If |stack[t]| came from |q[k]|, |stackx[t]| will be~|k|.

The basic idea is that every element will be pointed to by one link.
As soon as we know that some node~$i$ will point to another node~$j$, we
store that link and essentially remove~$j$ from the system.
(In other words, we compute the tree bottom-up.)

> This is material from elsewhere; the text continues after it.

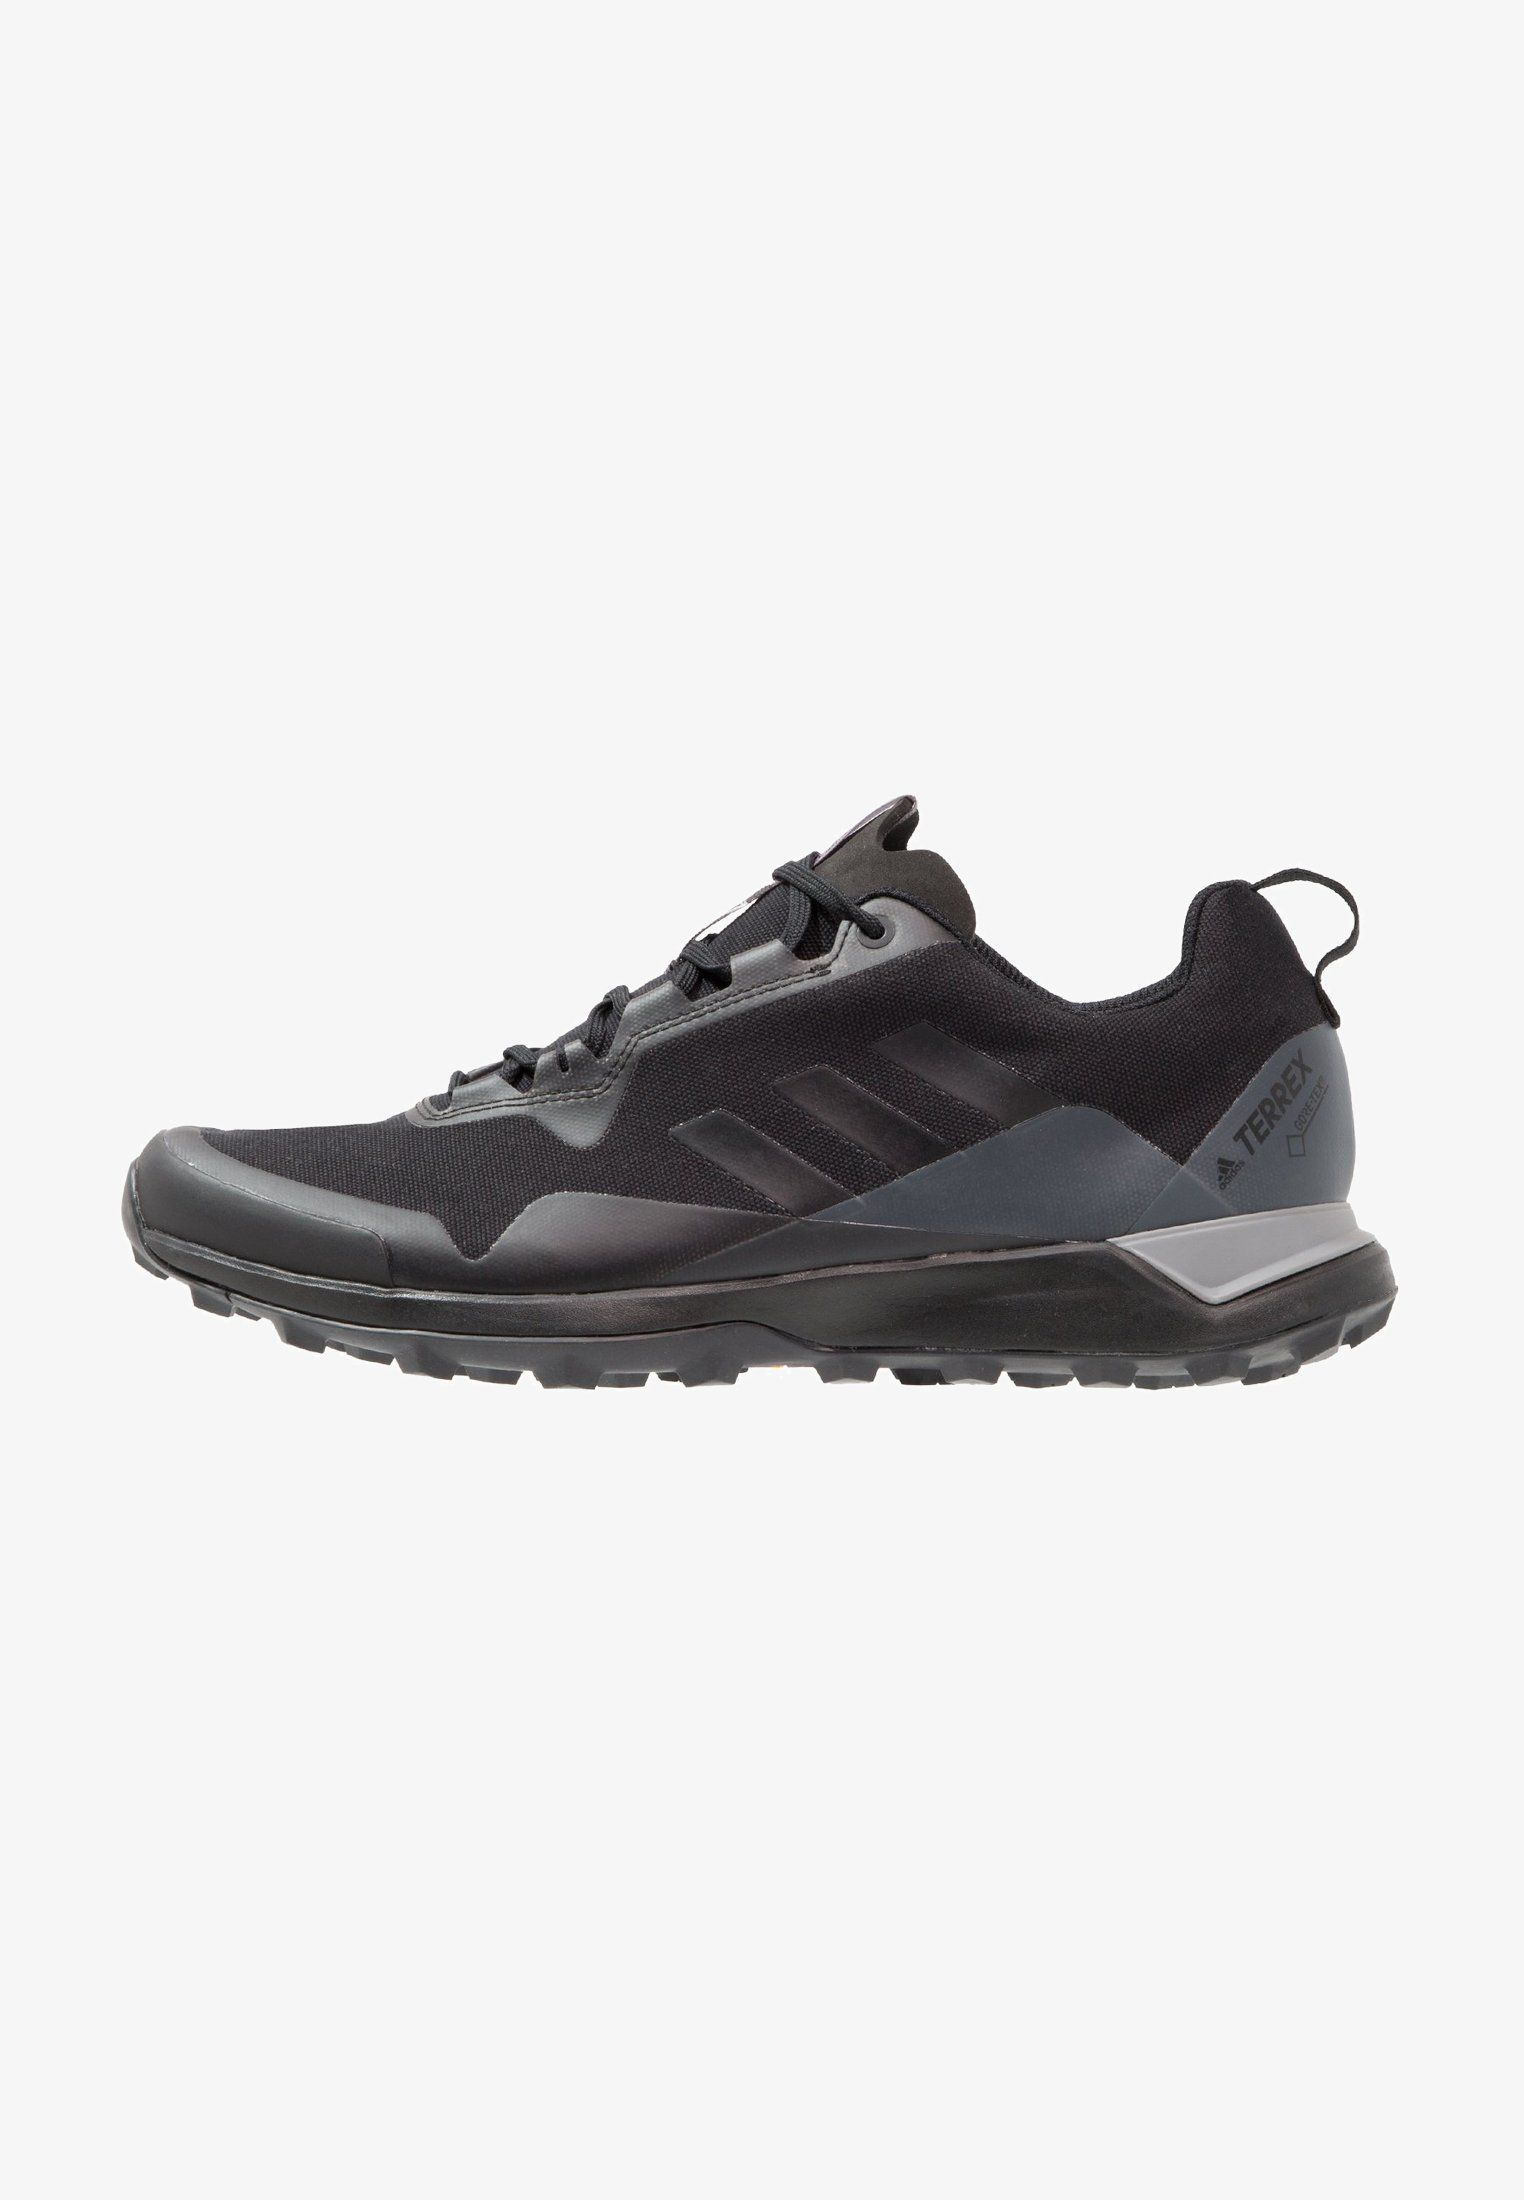 meet 36059 8f904 adidas Performance TERREX CMTK GTX - Hikingschuh - core black grey three -  Zalando.at

We assume that the |llink| and |rlink| arrays are initially zero,
and that zero represents a null link.

@<Compute the links@>=
stack[0]=stackx[0]=0;
stack[1]=q[1],stackx[1]=1,s=1;
q[n+1]=0;
for (k=2;s>0 || k<=n;) {
  if (stack[s]<q[k]) s++,stack[s]=q[k],stackx[s]=k++;
  else if (stack[s-1]>q[k]) s--,rlink[stackx[s]]=stackx[s+1];
  else s--,llink[k]=stackx[s+1];
}

@ Curiously, the very same algorithm (in slight disguise) was published
on page 317 of a paper by Johnson~M. Hart
[``Fast recognition of Baxter permutations using syntactical and
complete bipartite composite dag's,'' % 's sic
{\sl International Journal of Computer and Information Sciences\/ \bf9}
(1980), 307--321] ---
but not in the context of binary trees. His context was ``complete
bipartite composite digraphs,'' which are a convoluted way of
formalizing floorplans(!).

@*Output.
Finally |s| will become zero when |k=n+1|, because |q[n+1]=0|.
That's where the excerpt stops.